EU Commission’s draft regulation “on the European Health Data Space”, COM(2022) 197 final, https://eur-lex.europa.eu/legal-content/EN/TXT/?uri=celex%3A52022PC0197
The organisation of health services is the responsibility of the Member States. With this draft regulation, the EU is exceeding its competences. Electronic health records are to be established compulsorily for all citizens and their health data subjected to commercial use. There is no provision for solidarity-based compensation for citizens who suffer disadvantages as a result. The proposed level of security is criticised by many experts as insufficient.
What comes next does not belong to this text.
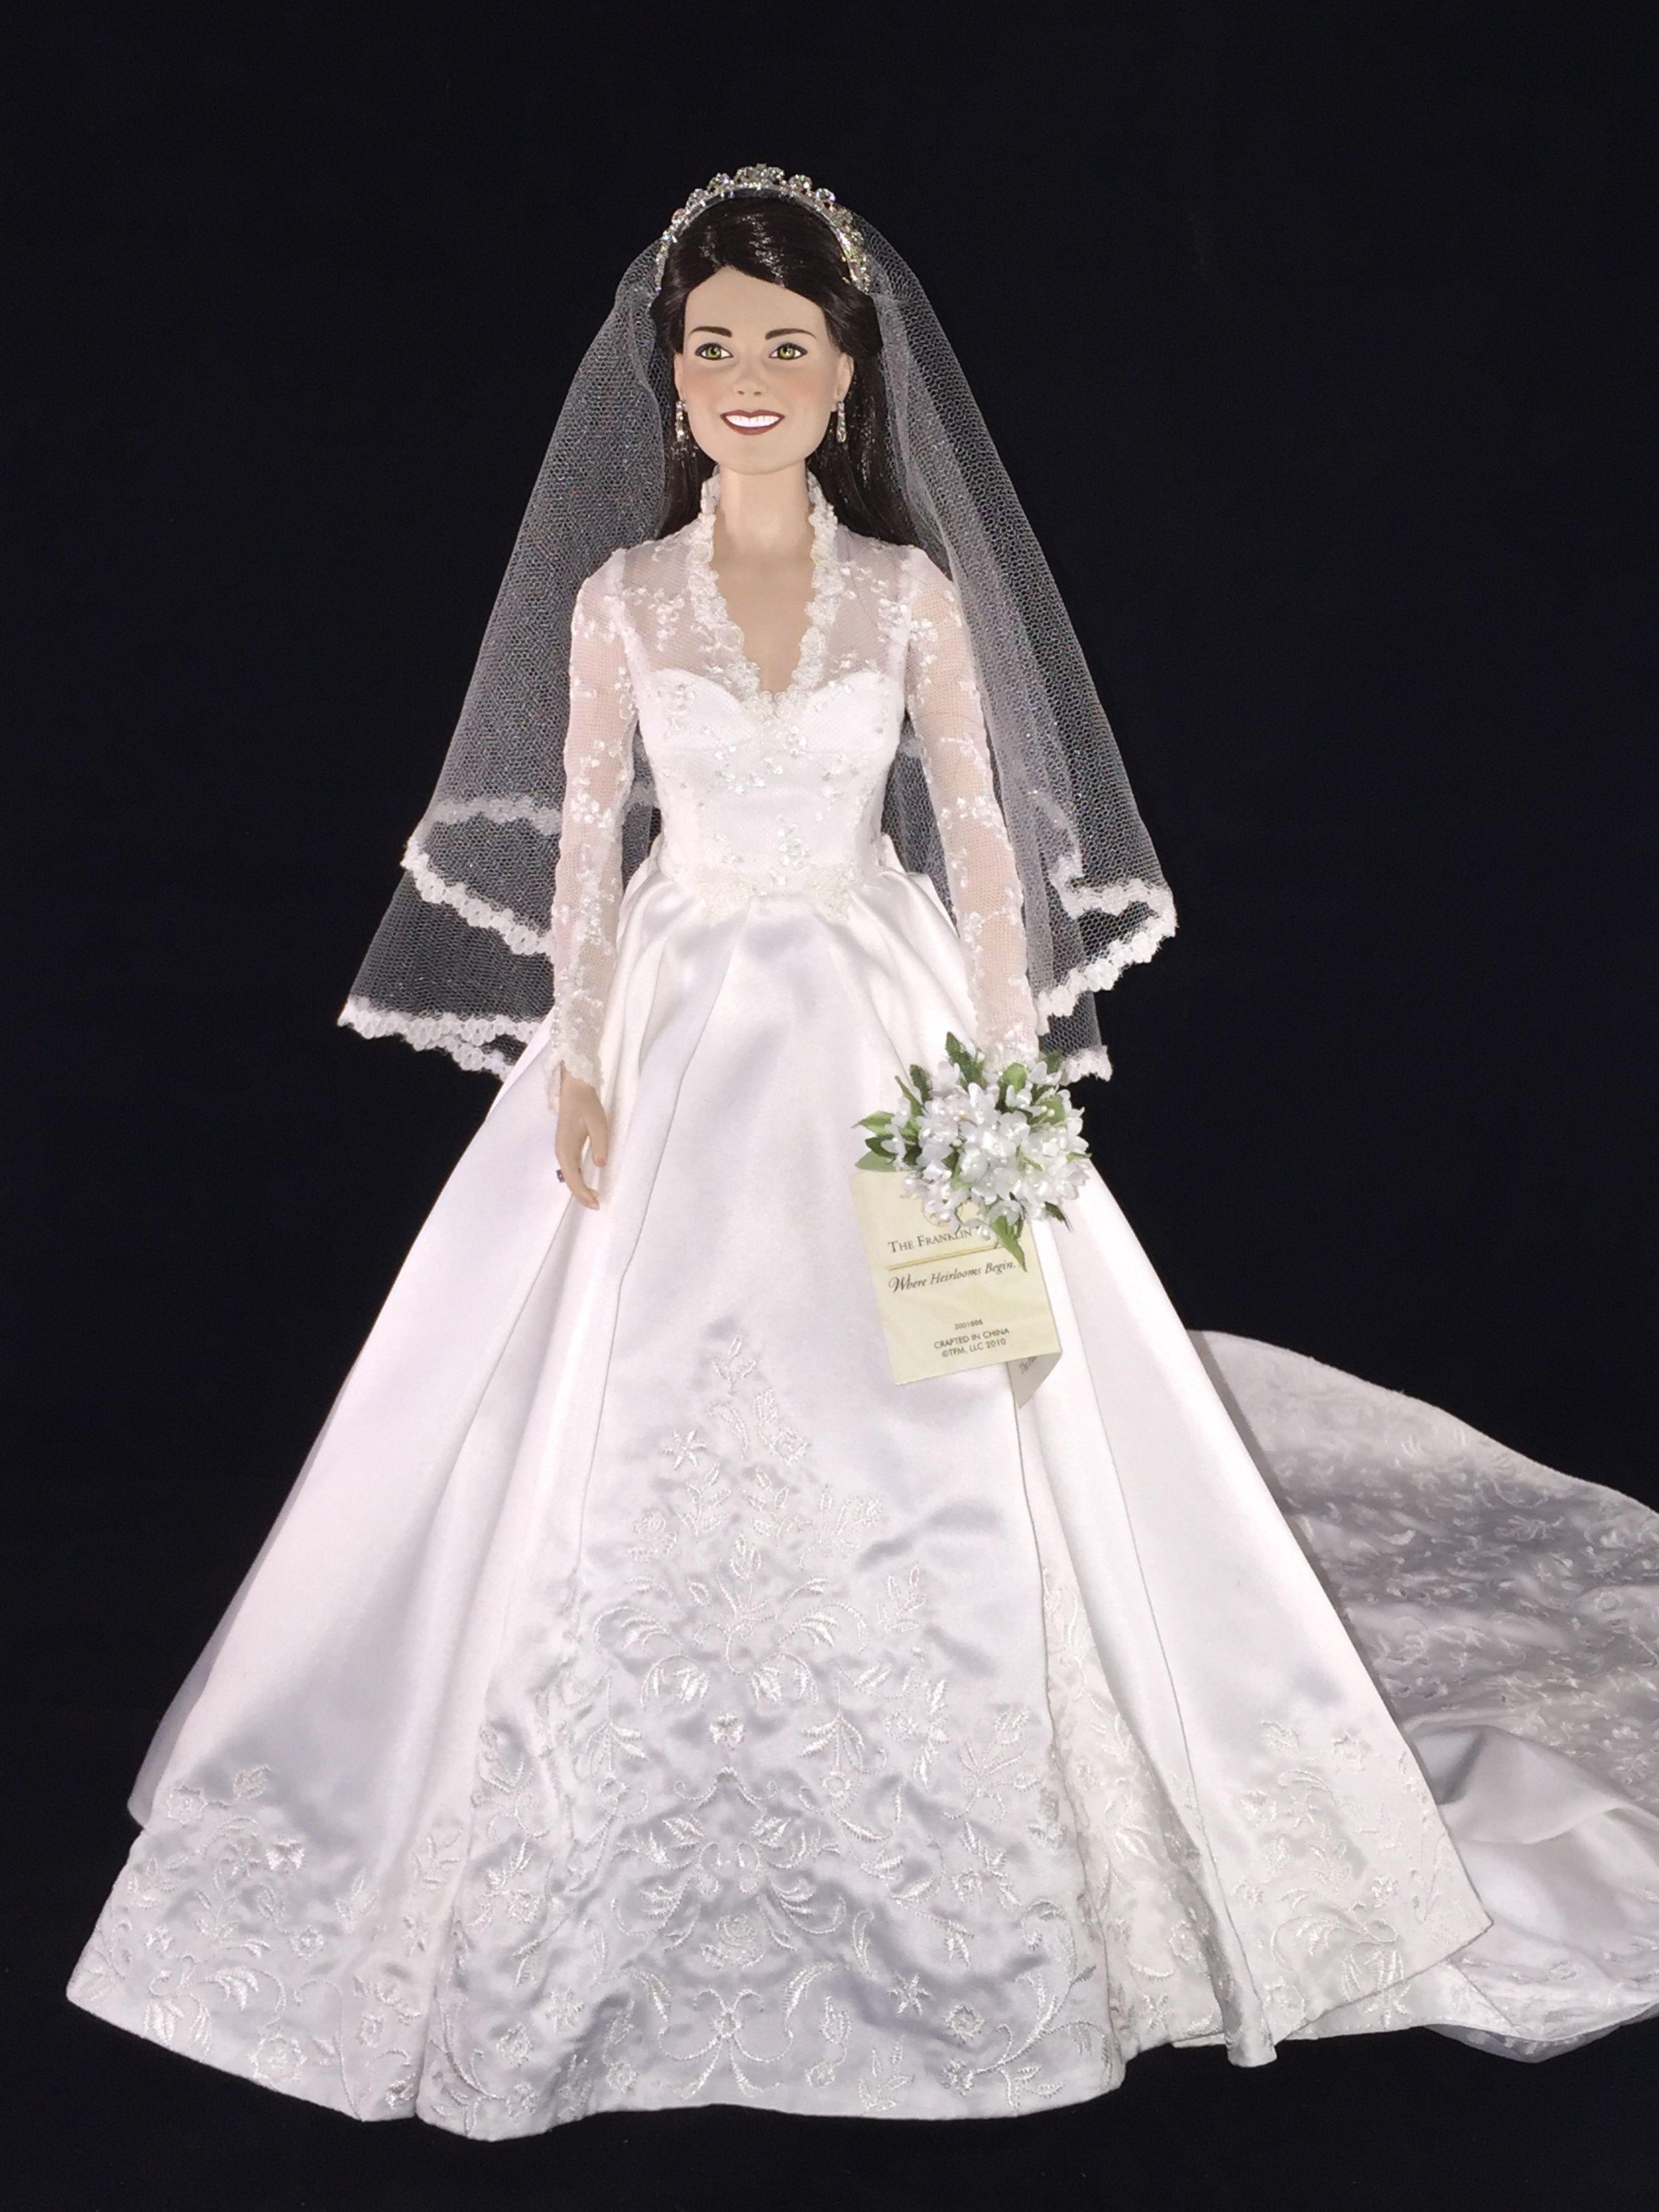 Franklin Mint Kate Middleton Bridal Doll Kates Dress Was Designed By Sarah Burton Of Alexander

EU Commission’s Health Data Commercialization Act
The draft regulation proposes making the health data of all EU citizens available and monetising it. Patients could only avoid this by no longer going to the doctor. The draft regulation continues and intensifies projects already under way in Germany and France, that have been harshly criticised by data privacy groups:
– The French “Health Data Hub”, criticism by La Quadrature du Net is here: https://www.laquadrature.net/2021/03/17/health-data-hub-du-fantasme-de-lintelligence-artificielle-a-la-privatisation-de-nos-donnees-de-sante/
– The German “Forschungsdatenzentrum Gesundheit”, its collection of patient data from health insurers is currently subject of a lawsuit initiated by the Gesellschaft für Freiheitsrechte: https://freiheitsrechte.org/themen/freiheit-im-digitalen/gesundheitsdaten
In an expert opinion for the above-mentioned lawsuit, cryptography professor Dominique Schröder demonstated that just a few data such as place of residence, age and diagnosis are sufficient to identify persons concerned (“data subjects”), even if the data have been anonymised: https://freiheitsrechte.org/uploads/documents/Freiheit-im-digitalen-Zeitalter/Gesundheitsdaten/2022-04-25-Gutachten_Schroeder-Gesundheitsdaten-Gesellschaft_fuer_Freiheitsrechte.pdf
Objectives of the draft regulation
The EU draft regulation pursues different objectives varying in legitimacy which should be better separated from each other:
1. Europe-wide standardisation of health data and electronic health record systems.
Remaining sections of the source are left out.